The third tier is interesting and set as a General Authorized Access (GAA) portion, which allows for 80MHz of the 3.5GHz band to be more freely used. It is licensed “by rule,” which means any entity with an FCC license may use FCC-authorized telecommunications equipment in the band, without a license for the spectrum.

GAA operators receive no interference protection, so it’s a kind of free for all, but to be clear, auctions are not a part of the GAA setup. It’s rare to get spectrum without having to pay, so it’s no doubt exciting for carriers and other operators, and it is understood that CBRS doesn’t need a clear line-of-sight between a device and a broadcast tower, whereas higher-frequency bands do require this. Wi-Fi bands are an example of regulated but not owned spectrum, which allowed tremendous innovation and improvements to computer and device connectivity.

Google is involved, and that's a key development for disruption

What’s driven fresh interest in CBRS is Google’s involvement. We’ve known Google has been agitating to ensure the FCC sticks to it original rules for CBRS, and doesn’t cave to the big carriers, who want to keep the playing field skewed to their advantage (more on that in a bit).

A Bloomberg article last week added some more fuel to fire to make CBRS cool again, pointing to the Google-led push to aid spectrum sharing. Google is working with other companies, including Federated Wireless, to build sensors, databases, and systems to better deal with interference of all kinds — from trees and obstacles to when the 3.5GHz spectrum must be left to the military. It’s all about sharing the spectrum to allow operators to provide 5G fiber-like speeds, while upsetting the incumbents’ services as well.

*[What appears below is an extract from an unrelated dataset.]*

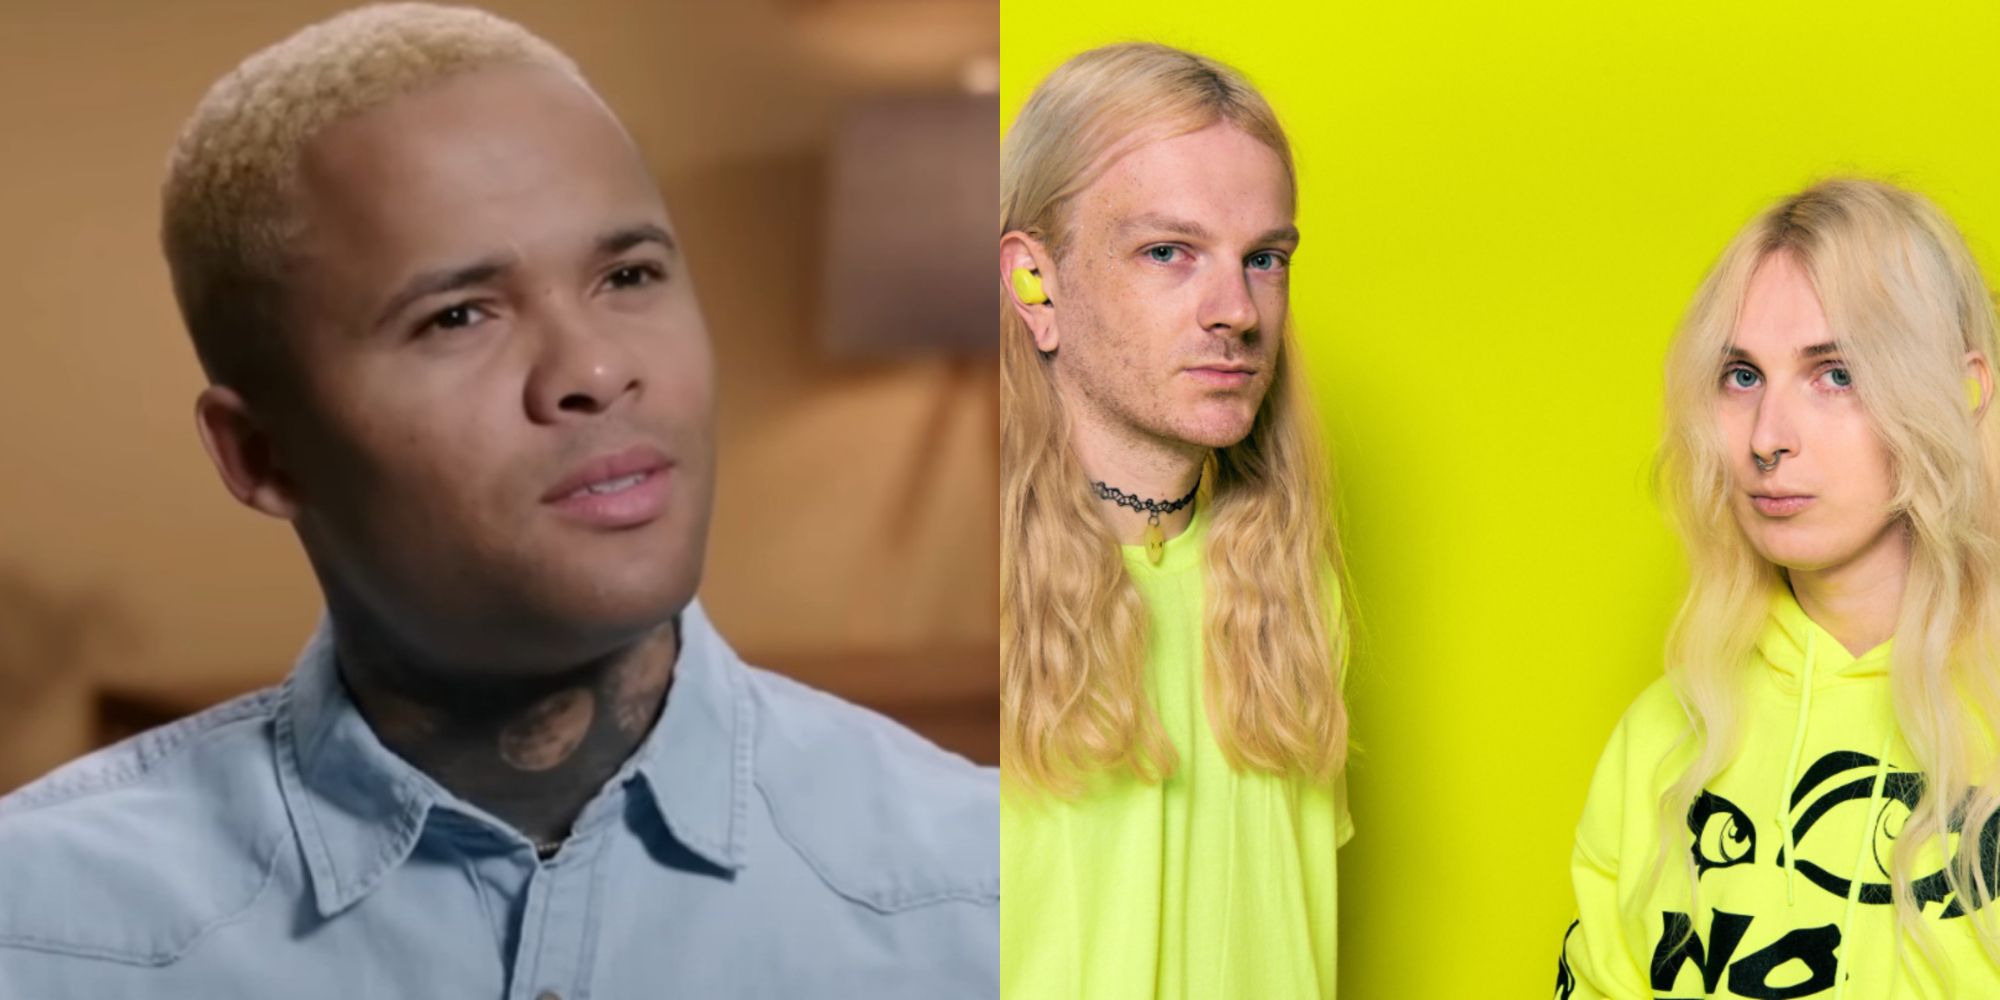 Split image showing Jibri Bell in 90 Day Fiancé and the band 100 Gecs.
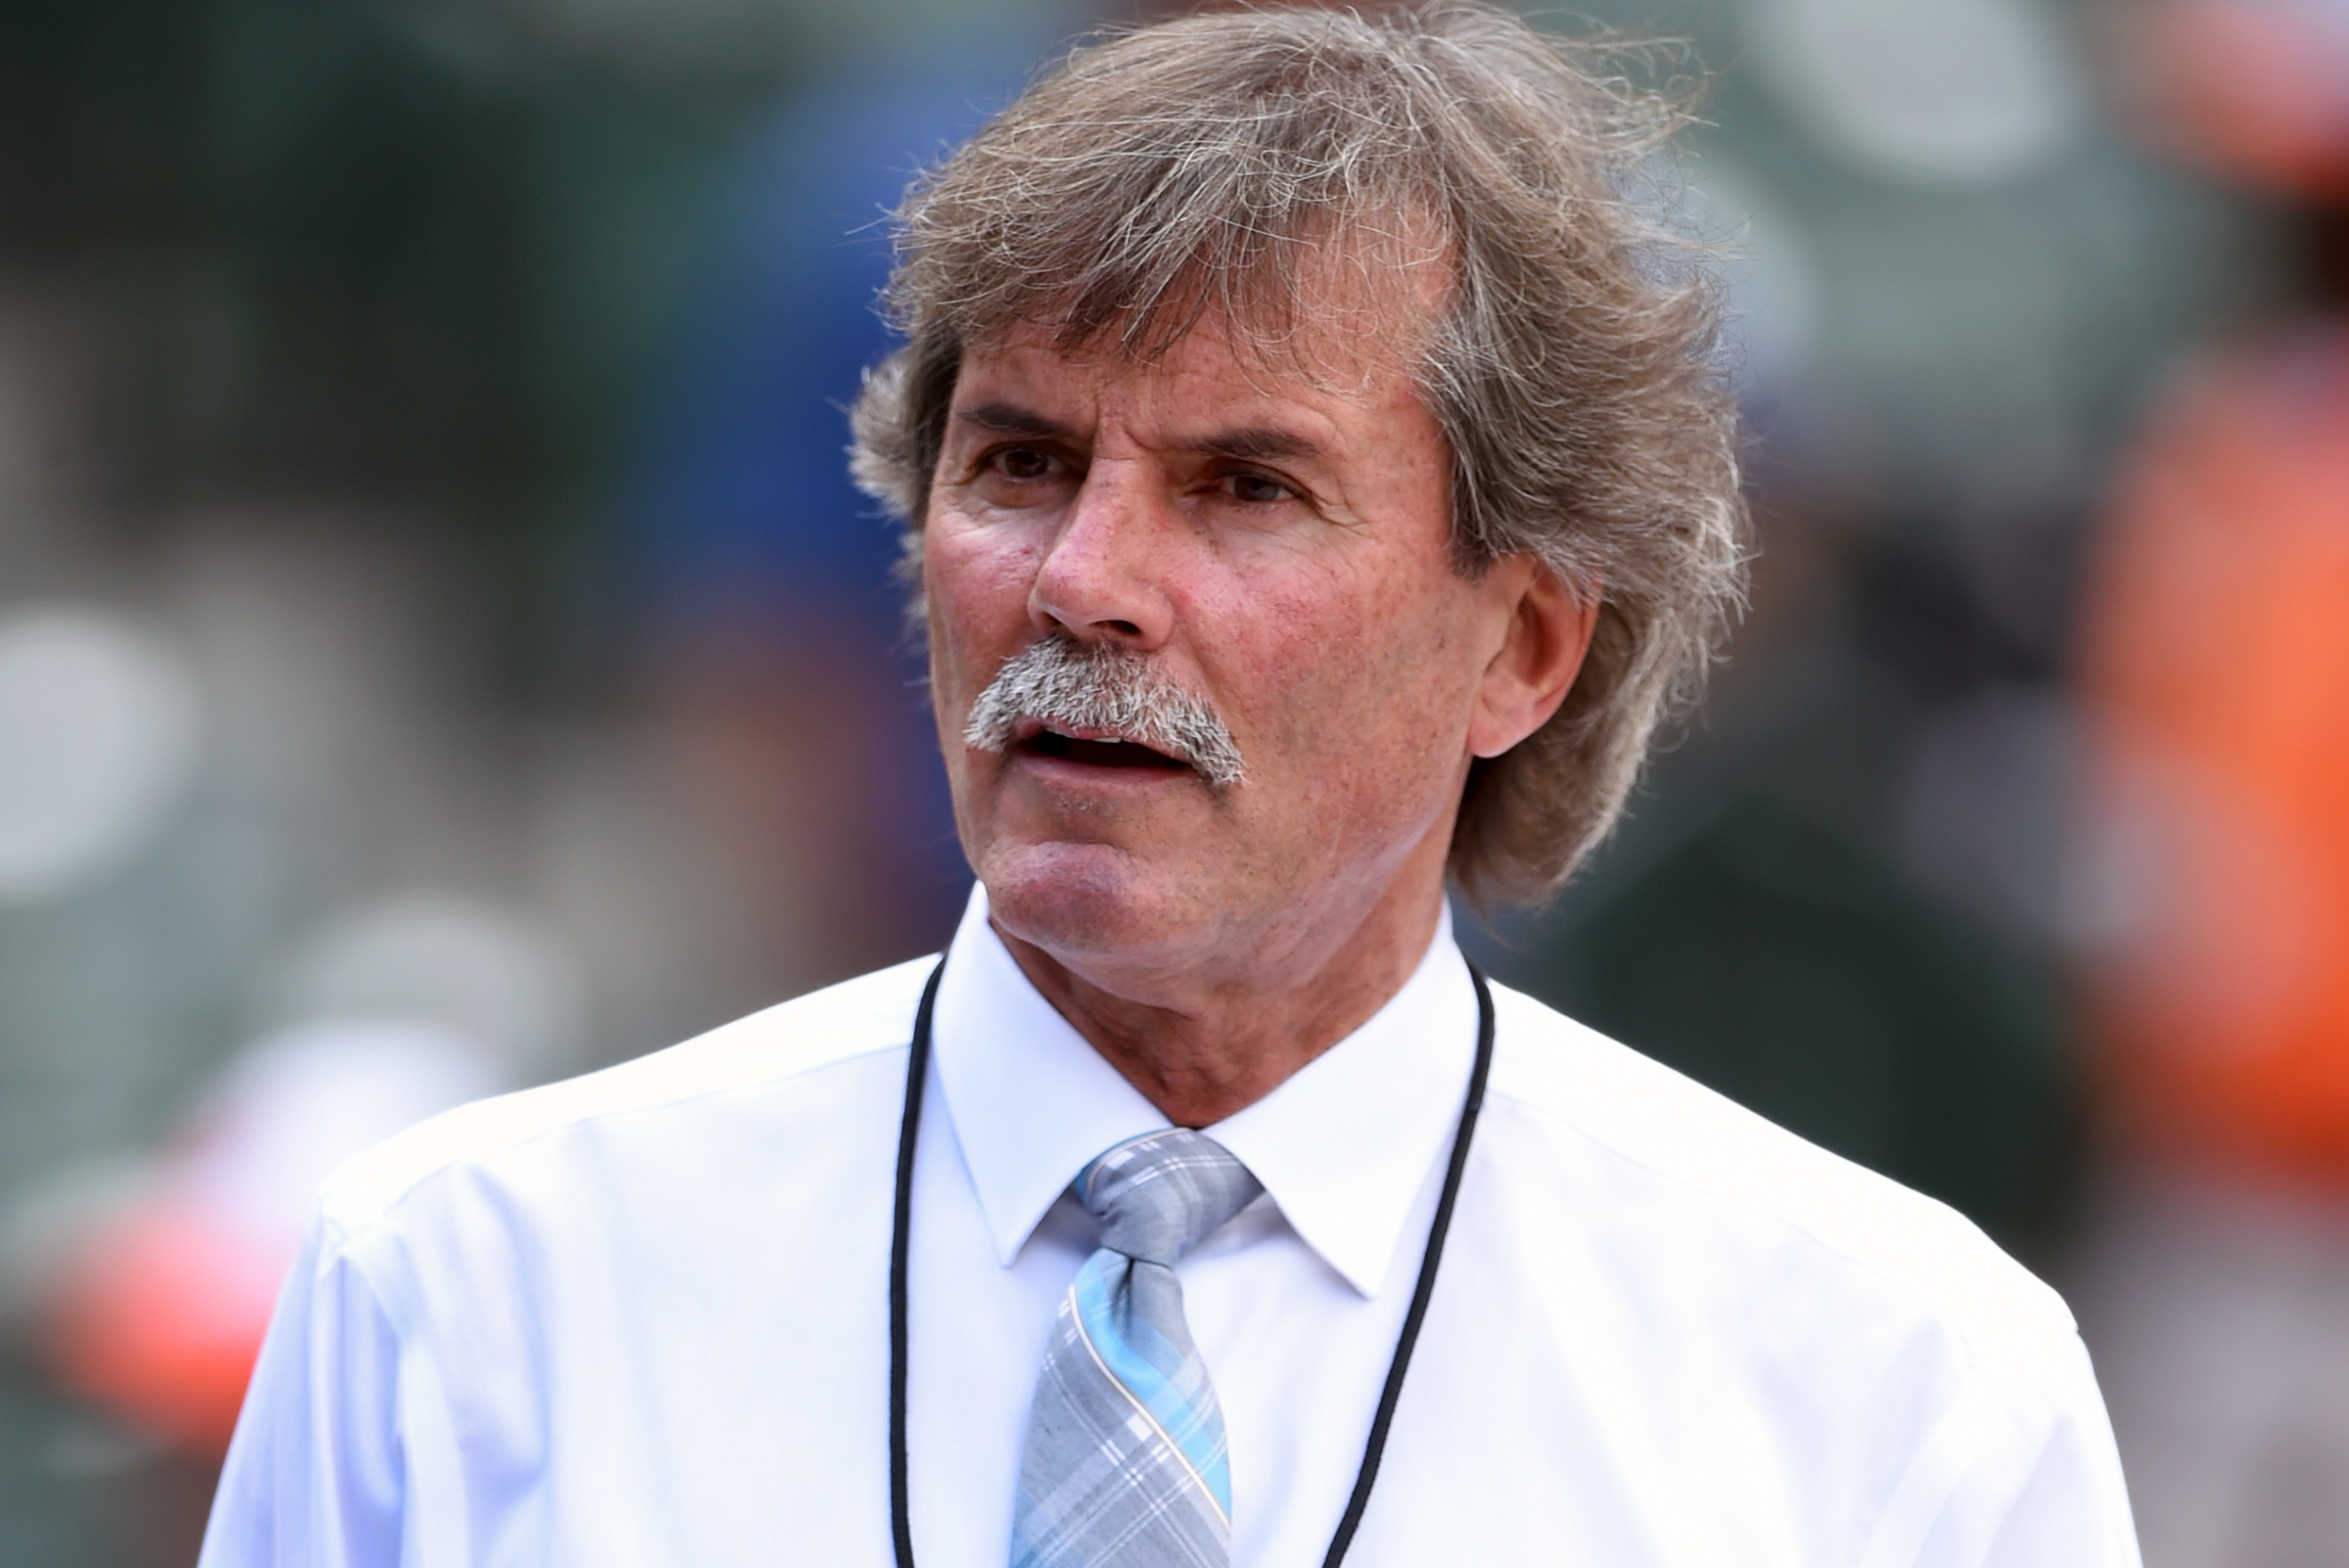 Morning sports update: Dennis Eckersley says that he was 'humliated' after  the incident with David Price

Here’s how Bloomberg describes the potential interactions that could take place:

Imagine you’re on a call with your smartphone in Los Angeles and it’s using CBRS to connect you. An aircraft carrier churns past. Systems run by Google, startup Federated Wireless or a few other companies, will spot that, give the Navy a prime bit of the spectrum to use, then move you onto a slightly different channel without dropping the call. When the ship leaves the area, the Navy’s spectrum is sent back into the mix. There’s enough spectrum to go round — 150MHz is the largest chunk of contiguous airwaves to be released in years. And the Navy is unlikely to sail past Denver, Kansas City or most other U.S. locations.

Google and its partners are leading the charge to make GAA more useful by reducing interference. Despite the benevolence Bloomberg’s headline indicates, Google’s involvement no doubt means it will make some serious money off the venture.

The carriers sense disruption. They sense Google moving in on their turf beyond its initial Project Fi foray. To fight back, they are appealing to the FCC to have the coming PAL bands take up more of the spectrum.

CBRS is still some distance away, probably further than the first 5G hotspots, which will emerge as early as this year in some limited areas. The inertia (money) required to get the ball rolling is significant and, as Deutsche Telekom noted at MWC 2018, no one’s made a real business case for 5G yet. Even with 3GPP ratifying a 5G standard, we may be waiting well beyond 2020 to see both handsets and carriers supporting CBRS.

Still, a report by industry research firm Mobile Experts estimated 750,000 CBRS access points will be shipped by 2022. The firm also suggested costs for CBRS networks should be much lower than licensed LTE and distributed antenna system alternatives, due to the nature of spectrum sharing across the three tiers. 5G capabilities are also more attainable than mmWave technology, which requires significantly more and new infrastructure. It’s likely we’ll see a smartphone with 5G in the 3.5GHz band as opposed to the 30 or 60GHz mmWave bands.

Read next: 5G vs Gigabit LTE: the differences explained

In addition, CBRS is versatile enough that a range of business cases will be supported, from in-building wireless, to smart cities, rural networks (where previous bandwidth was limited), and more.

The CBRS space is very hot, to say the least. The big carriers have been visiting FCC HQ earlier in April to appeal for bigger licensed areas to reduce costs. The industry is actively trying to sway participants to reach a compromise that suits both PAL and GAA operators, and we expect news on that front within the next weeks and months.